## What is being asked
Each line below must be set down exactly; omit any image you find.

## Source data
★ ★ ★ ★

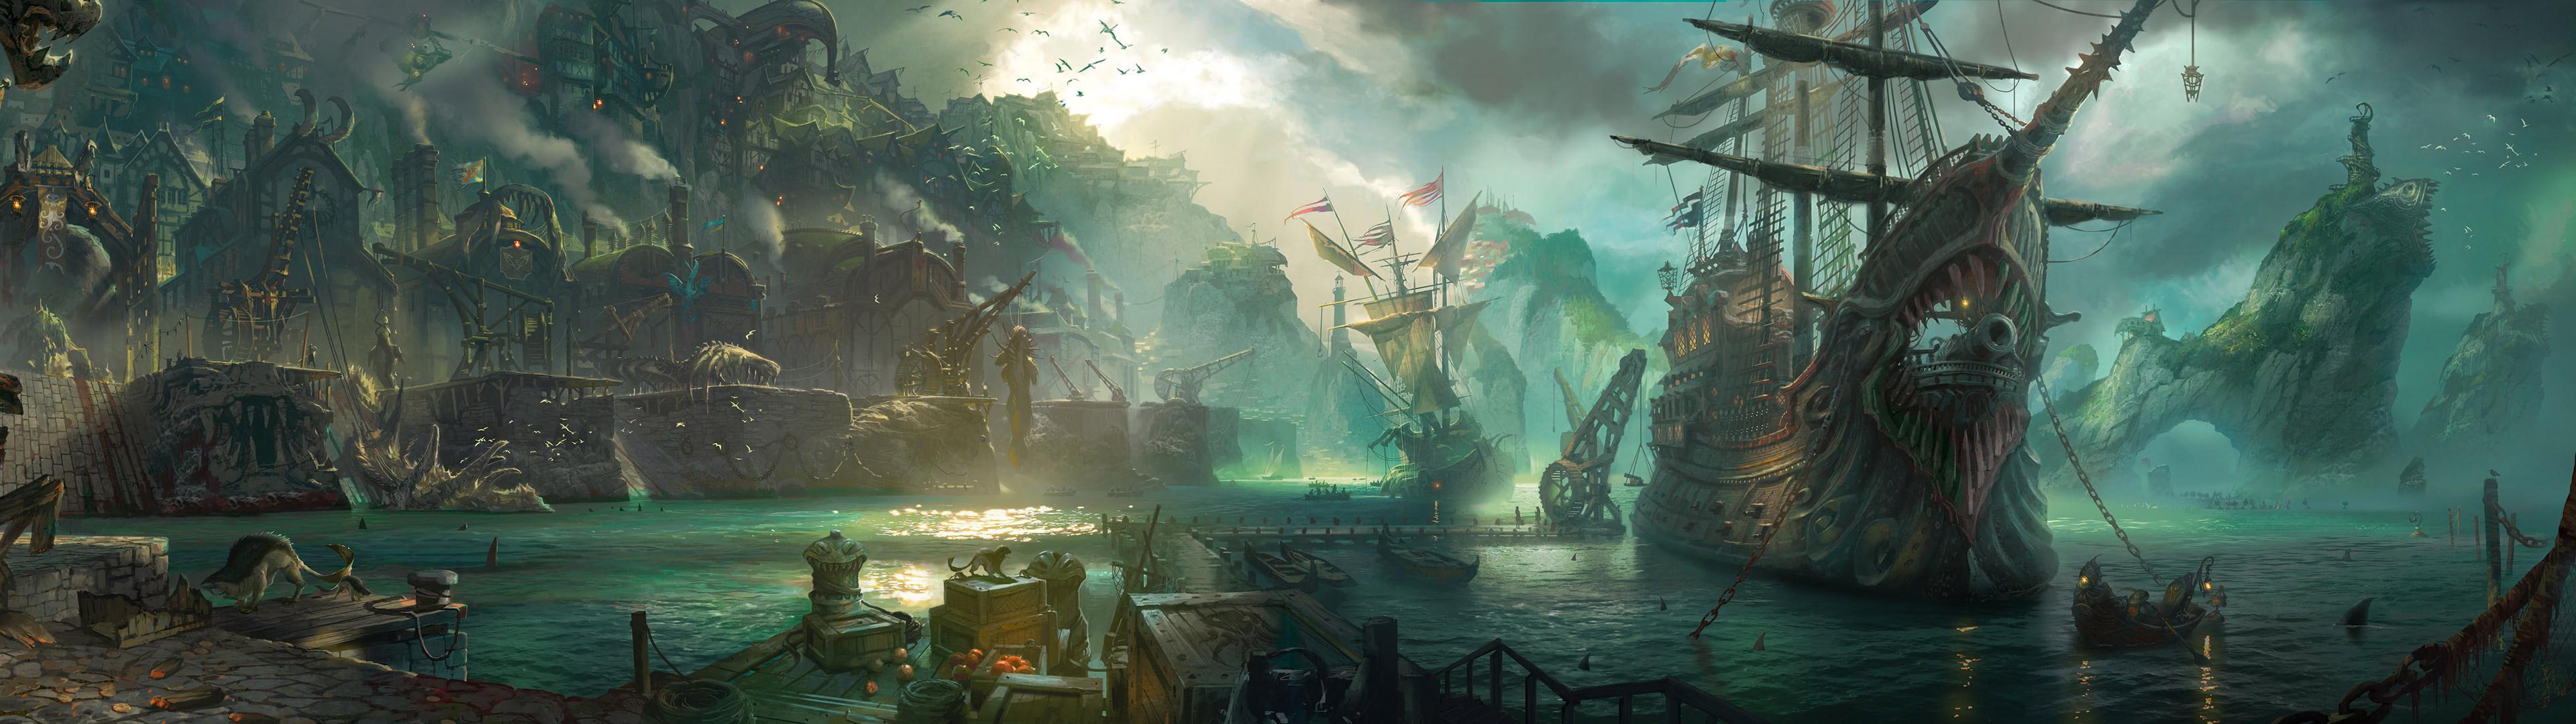 HD Wallpaper | Hintergrund ID:610093. Computerspiele …
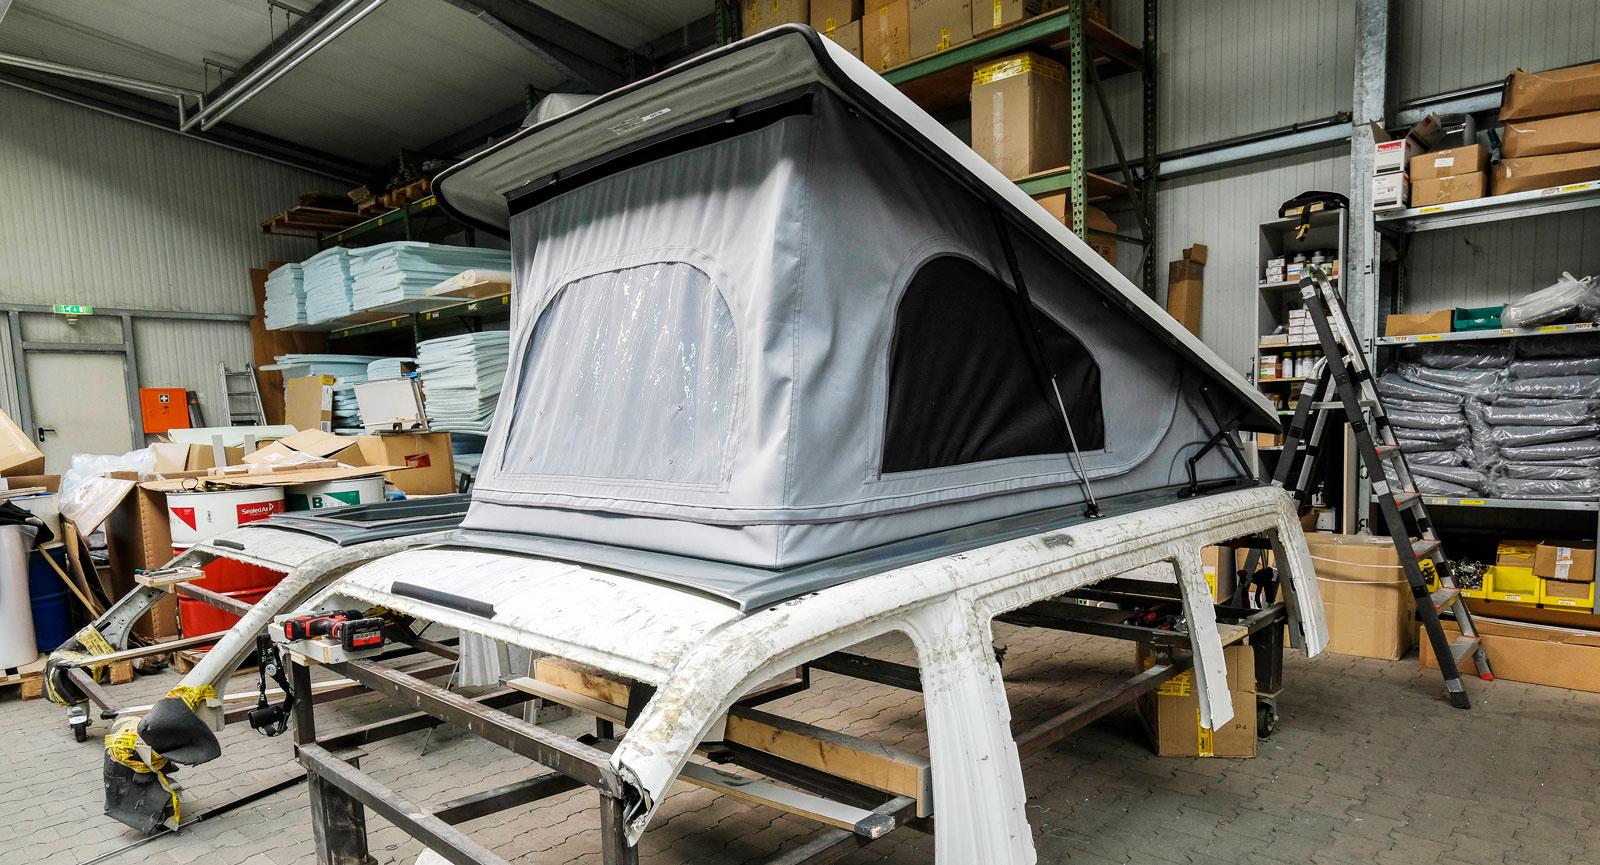 Pop-up-tak är något som Reimo är specialiserade på. Här monteras ett på en av flera mallar.
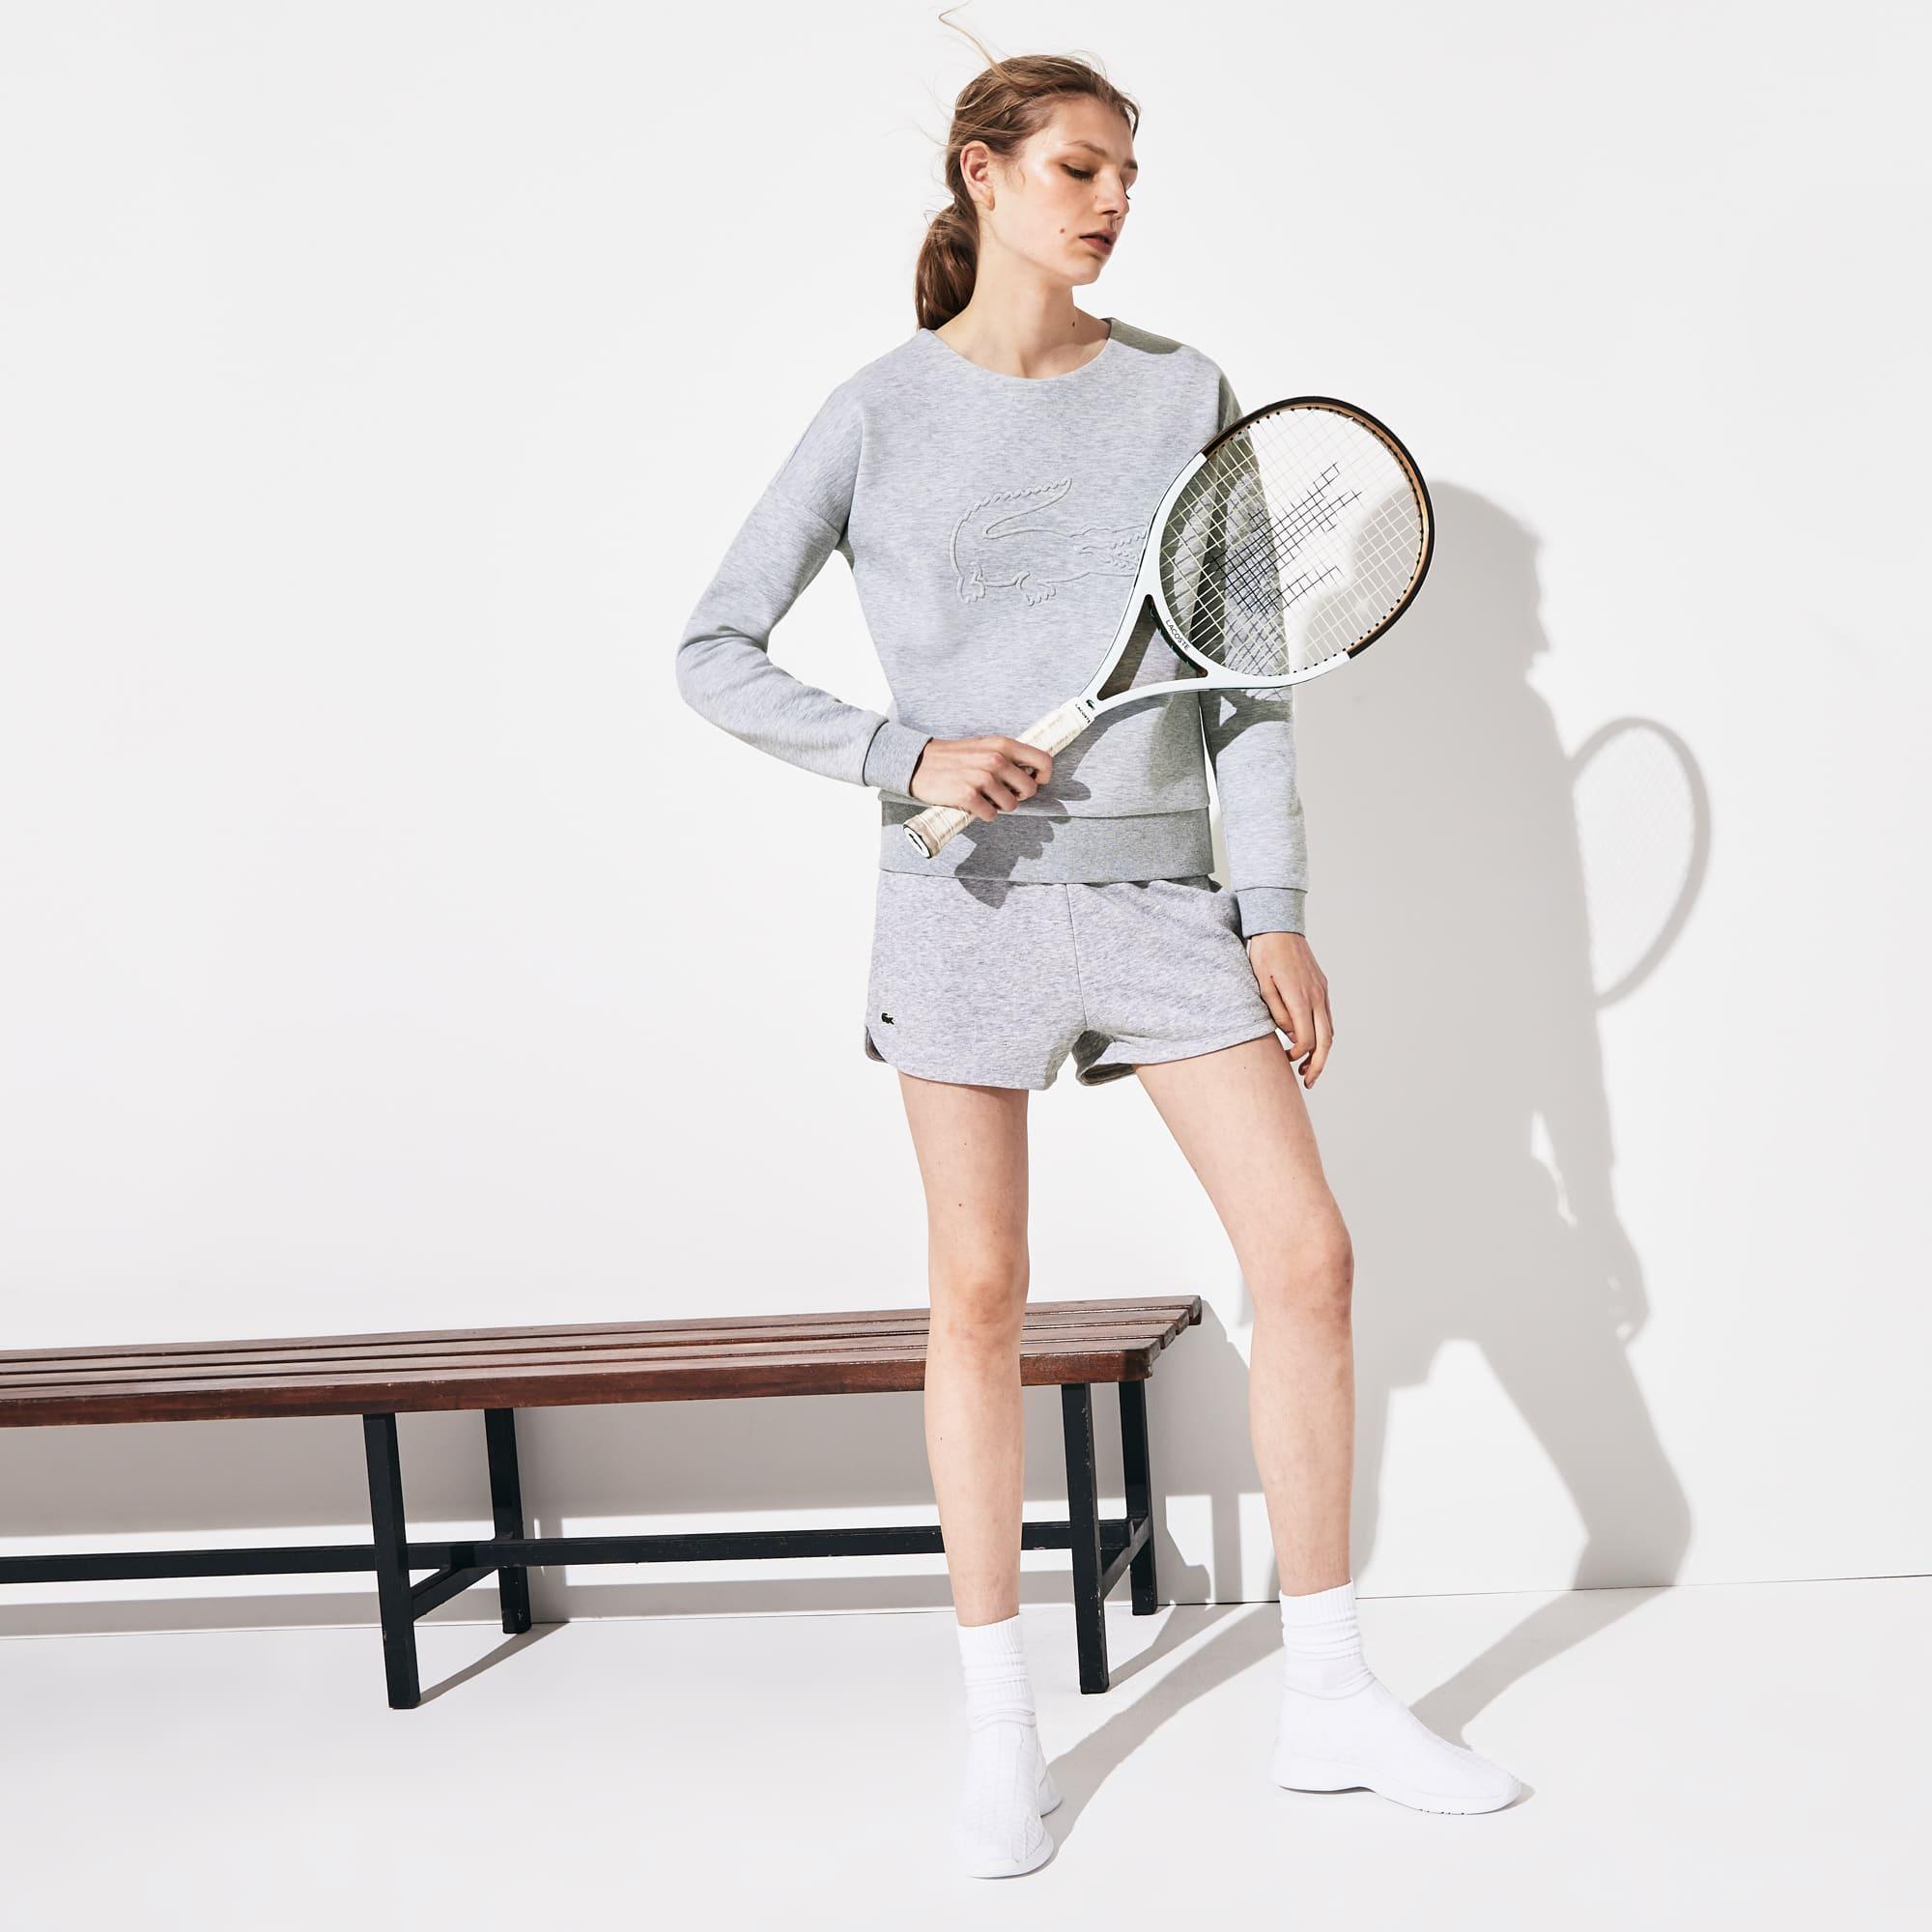 Calções Tennis Lacoste SPORT em moletão unicolor
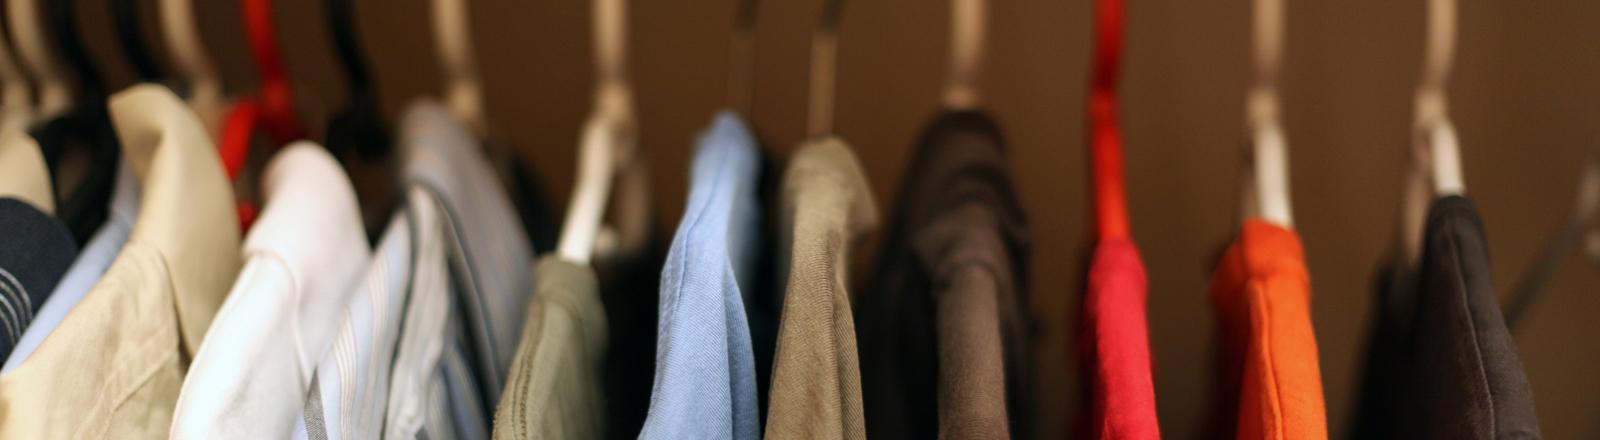 Bügel mit Hemden im Kleiderschrank.

★ ★ ★ ★

## Output
 HD Wallpaper | Hintergrund ID:610093. Computerspiele …
 Pop-up-tak är något som Reimo är specialiserade på. Här monteras ett på en av flera mallar.
 Calções Tennis Lacoste SPORT em moletão unicolor
 Bügel mit Hemden im Kleiderschrank.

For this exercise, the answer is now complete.